Folio tracks versions automatically -- re-converting an updated deck increments the version, detects per-slide changes, and preserves history. Open library/ as an Obsidian vault for automatic frontmatter indexing.
Install
pip install folio-love
The CLI command is folio.
For agent-friendly setup (Cursor, Claude Code), see Agentic Setup.
Or install from source:
git clone https://github.com/ohjonathan/folio.love.git
cd folio.love
pip install -e .
Anthropic support is included by default. For OpenAI or Google Gemini, install with extras:
pip install "folio-love[llm]" # from PyPI
pip install -e ".[llm]" # from source
Prerequisites
- Python 3.10+
- LibreOffice or Microsoft PowerPoint (for PPTX/PPT conversion)
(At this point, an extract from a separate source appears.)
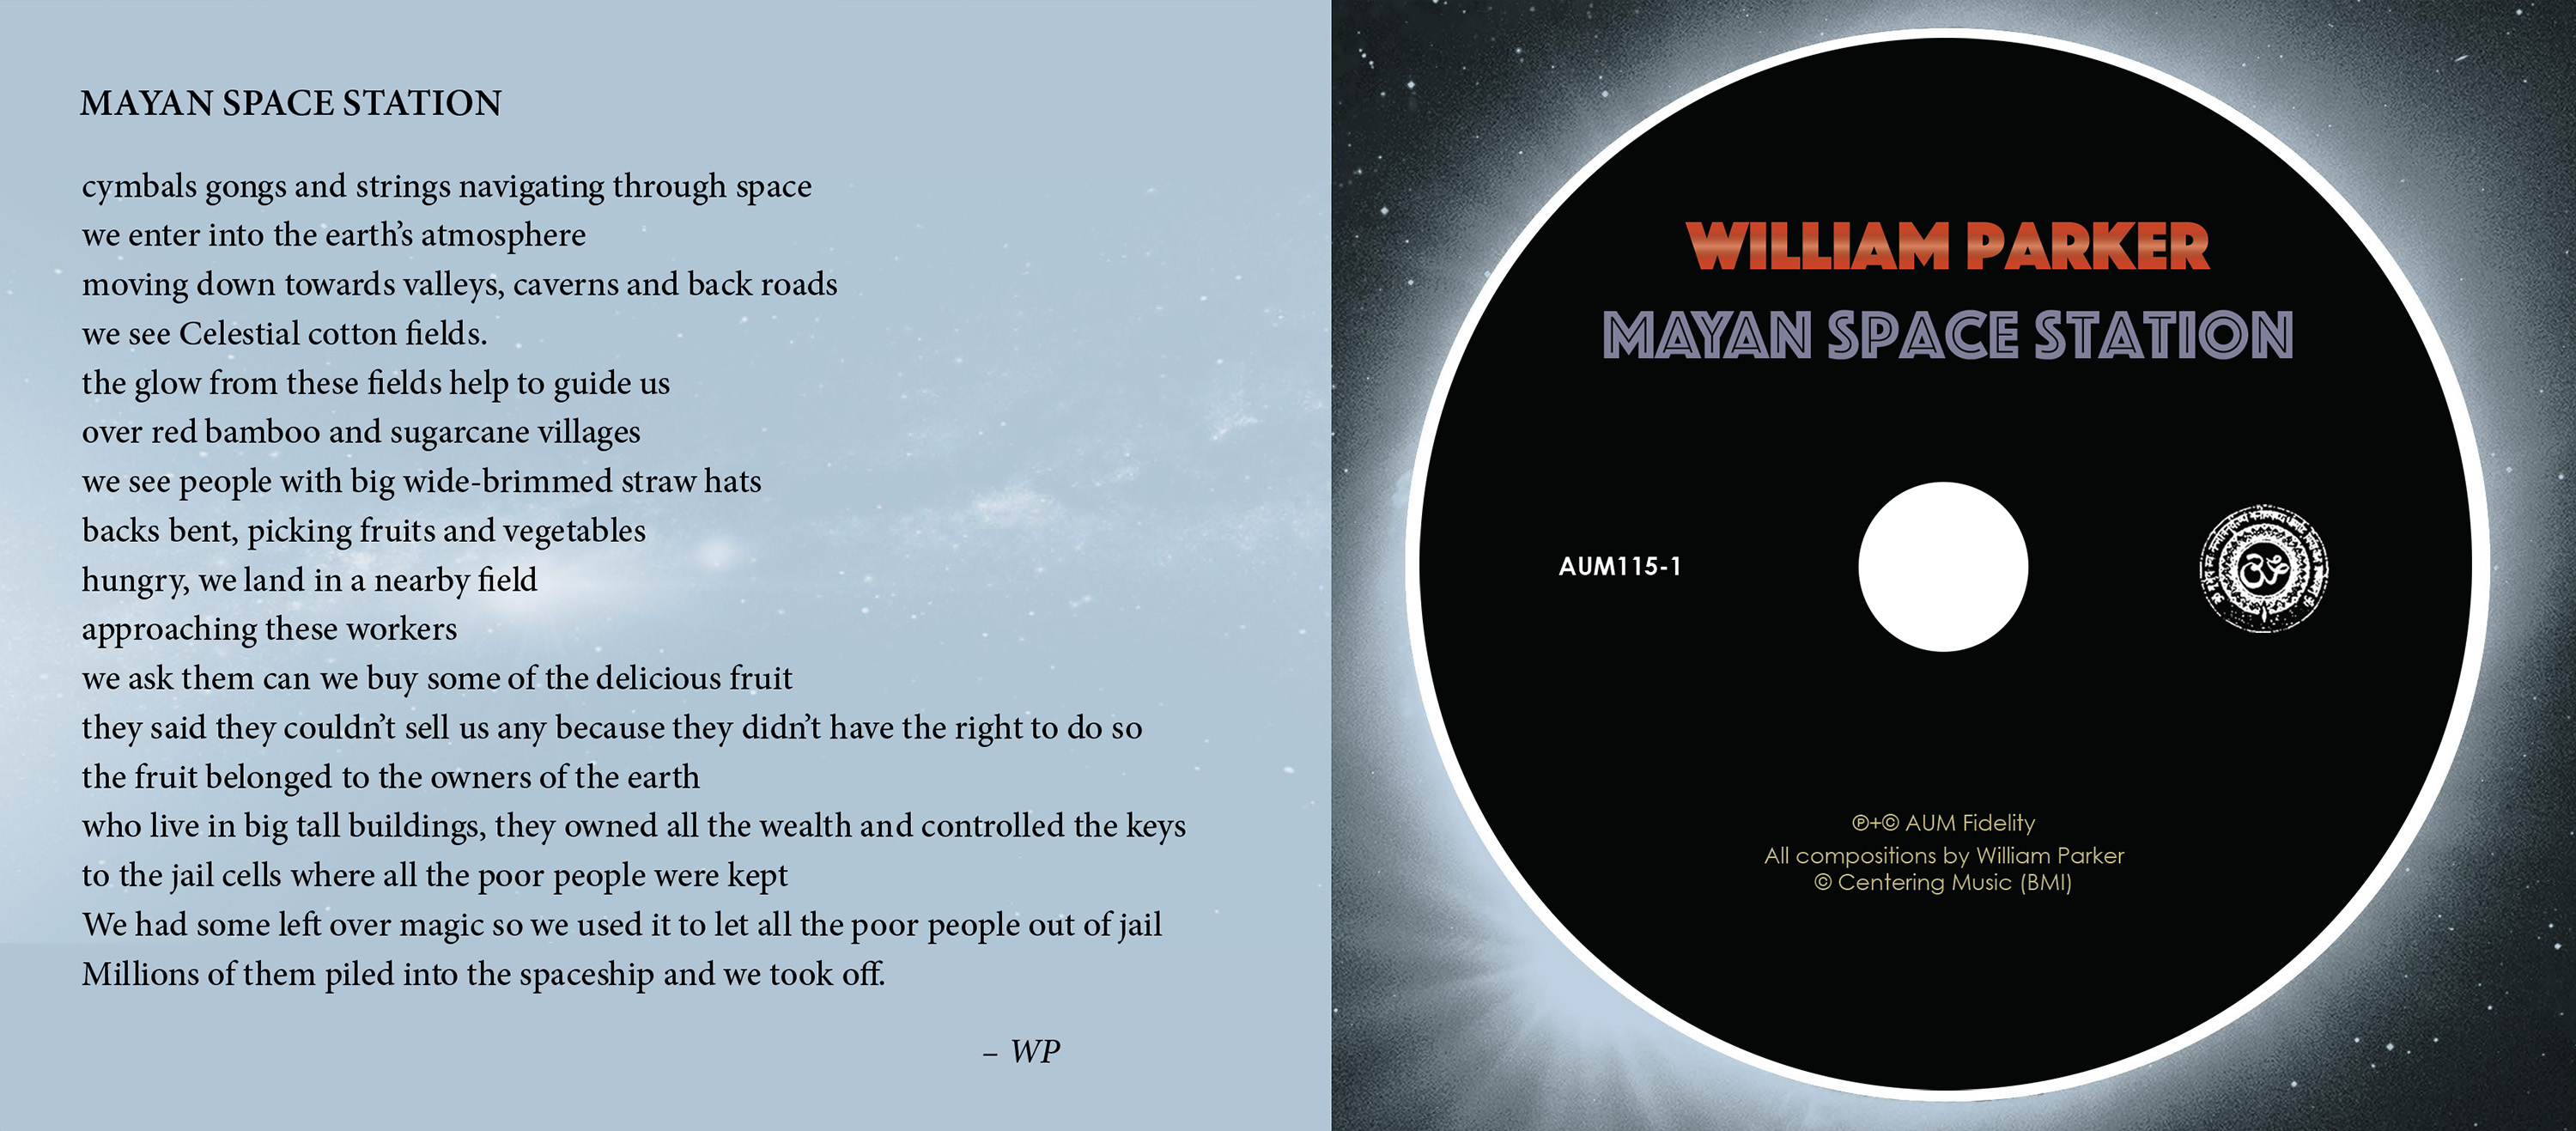 cd cd inside spread with cd in place for Mayan Space Station by William Parker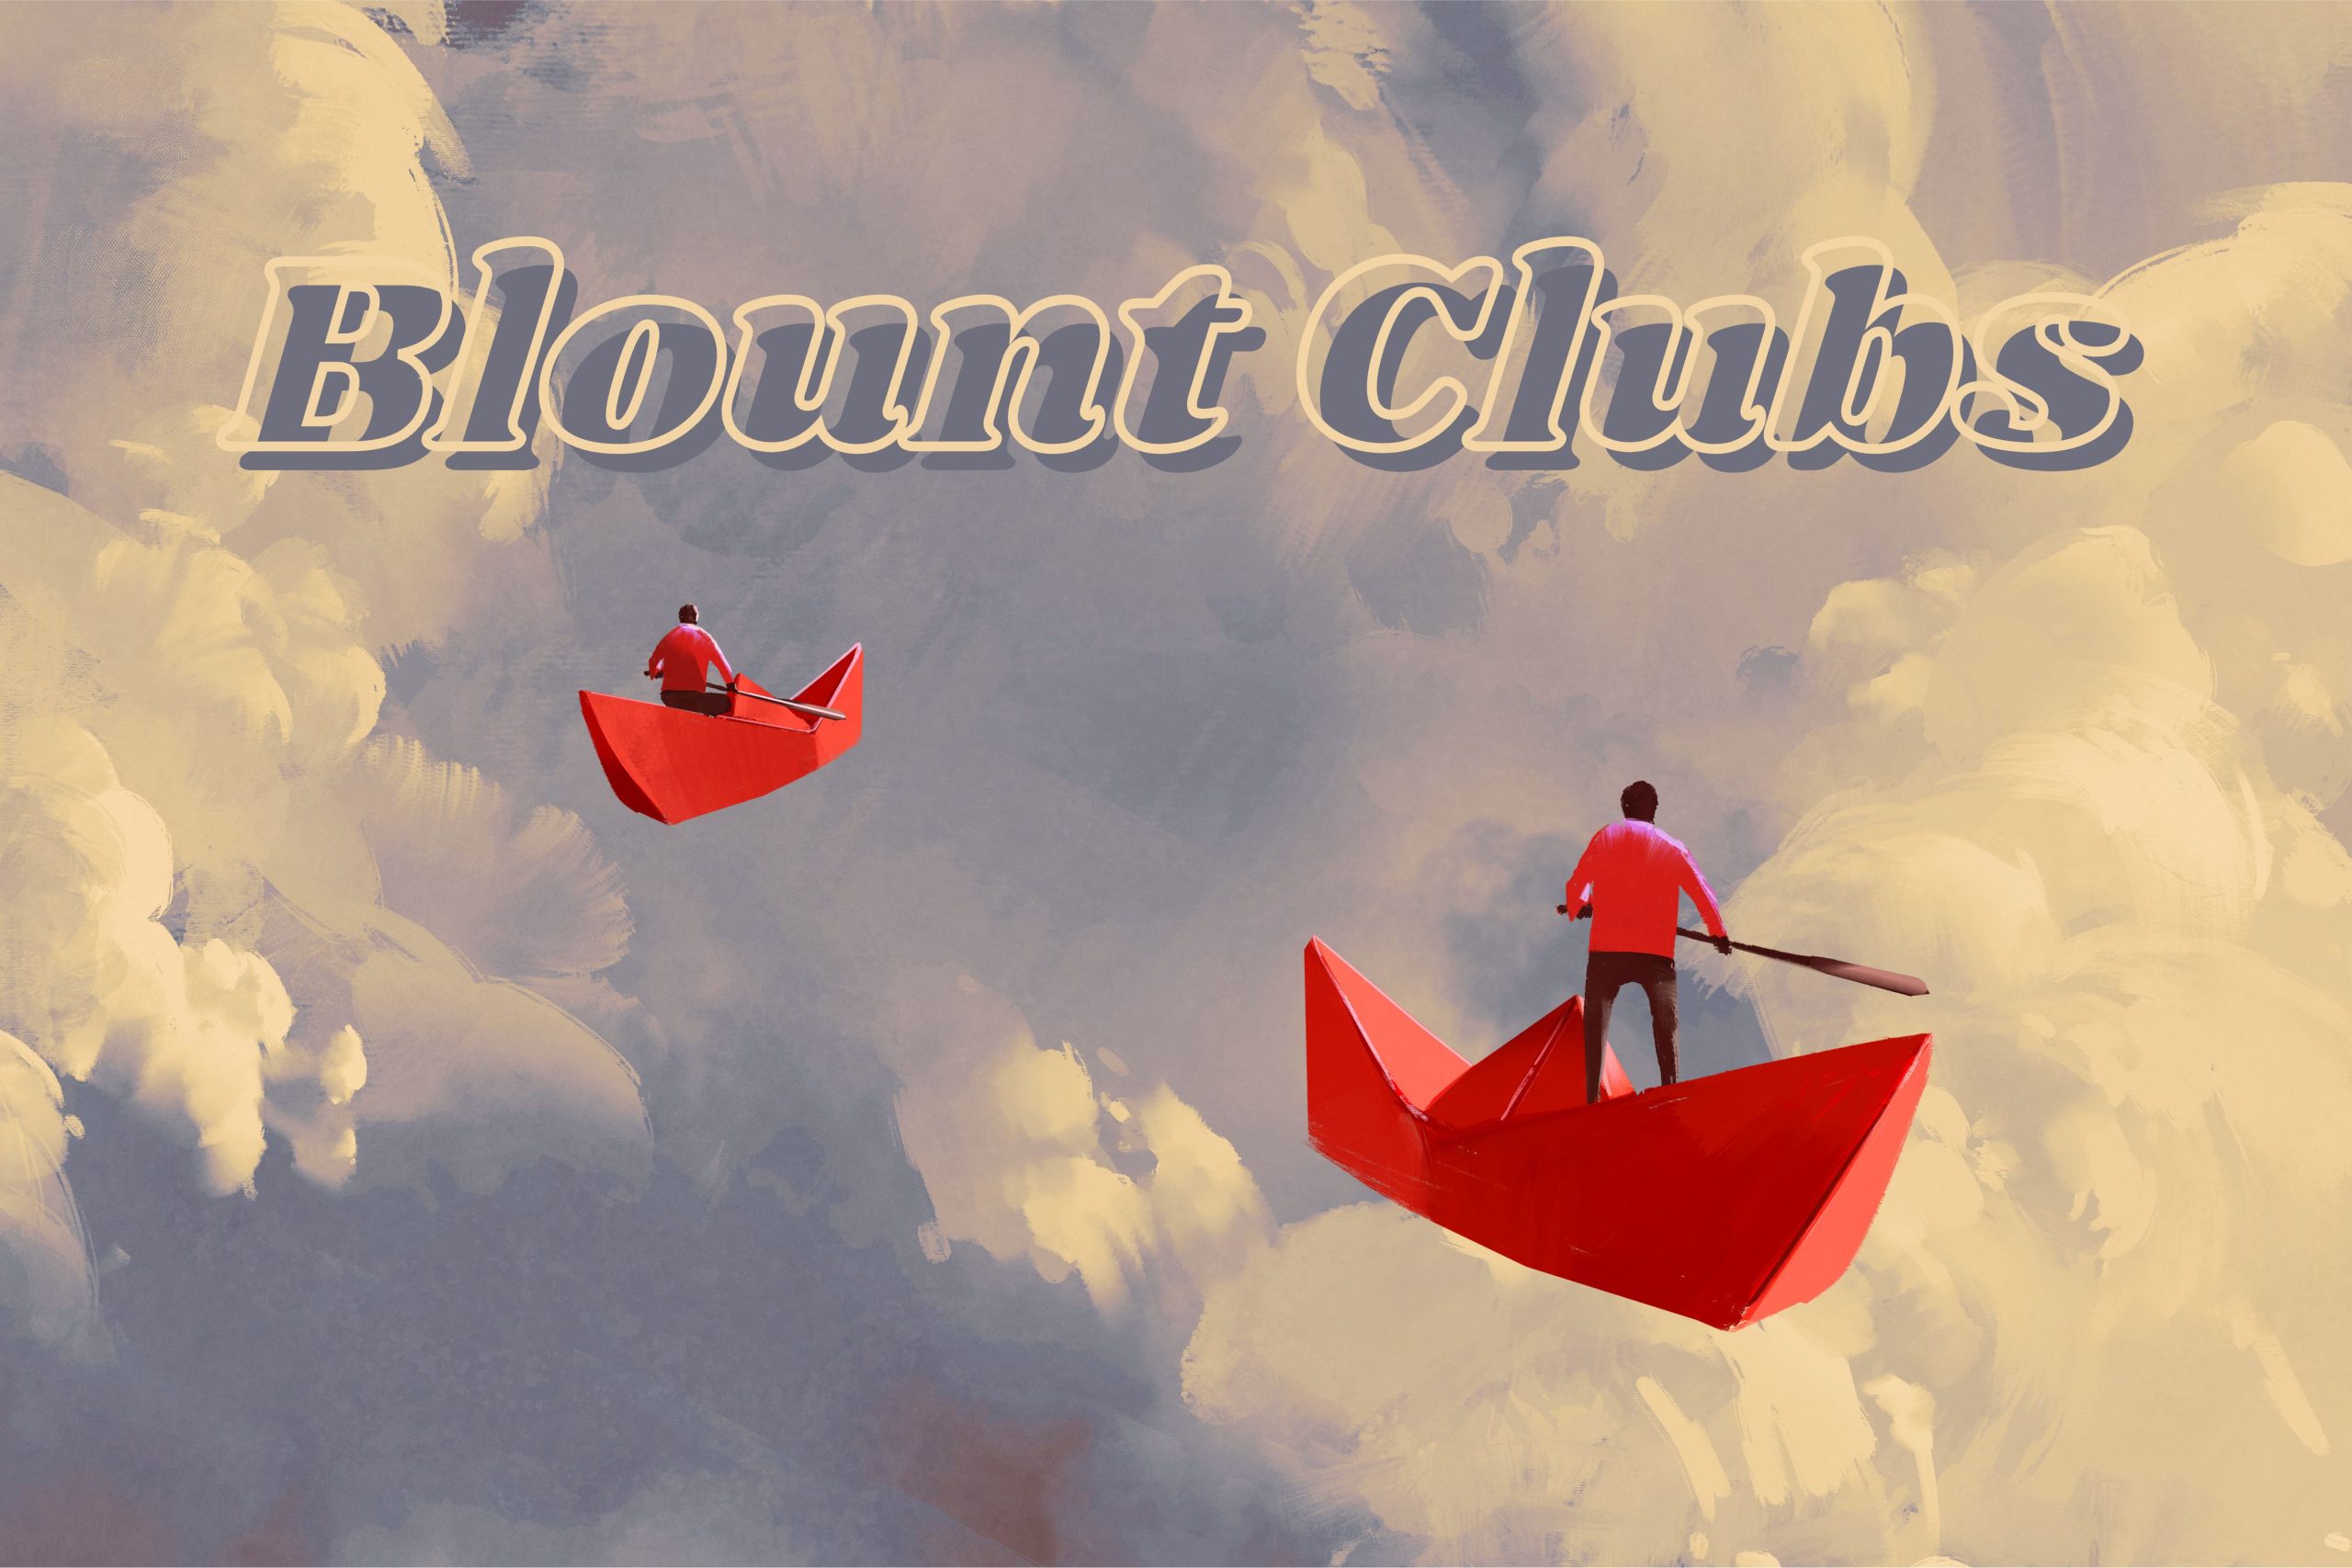 Illustration of people on origami boats with text "Blount Clubs"

- Poppler (for PDF image extraction)
# macOS
brew install --cask libreoffice
brew install poppler
# Ubuntu/Debian
sudo apt install libreoffice poppler-utils
Managed macOS (no LibreOffice)
If your machine blocks LibreOffice, Folio can use Microsoft PowerPoint as the renderer. Set pptx_renderer: powerpoint in folio.yaml, run batch jobs from Terminal.app, and keep a dedicated PowerPoint session with no unrelated presentations open. See Managed Mac workflow for the full workflow.
If neither renderer is available, export the deck to PDF manually and run folio convert deck.pdf.
Quick Start
First conversion
folio convert deck.pptx
✓ deck.pptx
24 slides → library/deck/deck.md
Version: 1 | ID: evidence_20260306_deck
With LLM analysis
export ANTHROPIC_API_KEY=sk-ant-...
folio convert deck.pptx --passes 2
Without a valid API key, analysis is skipped gracefully -- the conversion still completes.
Commands
folio convert
Convert a single deck to Folio markdown.
# Basic
folio convert deck.pptx
# With client and engagement metadata
folio convert deck.pptx --client Acme --engagement "DD Q1 2026"
# Deep analysis (two-pass, selective re-analysis of dense slides)
folio convert deck.pptx --passes 2
# Force fresh analysis, ignore cache
folio convert deck.pptx --no-cache
# Full metadata
folio convert deck.pptx \
--client Acme \
--engagement "DD Q1 2026" \
--subtype research \
--industry "retail,ecommerce" \
--tags "market-sizing,tam" \
--note "Updated risk figures"
Flags
| Flag | Description |
|---|---|
--client |
Client name (used in output path and frontmatter) |
--engagement |
Engagement identifier |
--note, -n |
Version note (e.g. "Updated per client feedback") |
--target, -t |
Override output directory |
--passes, -p |
Analysis depth: 1 = standard, 2 = deep (selective second pass on dense slides) |
--no-cache |
Force re-analysis; fresh results replace cached entries |
--subtype |
Evidence subtype: research, data_extract, external_report, benchmark |
--industry |
Industry tags, comma-separated |
--tags |
Manual tags to merge with auto-generated, comma-separated |
--llm-profile |
Override the configured LLM profile for this run |
folio batch
Batch convert all matching files in a directory.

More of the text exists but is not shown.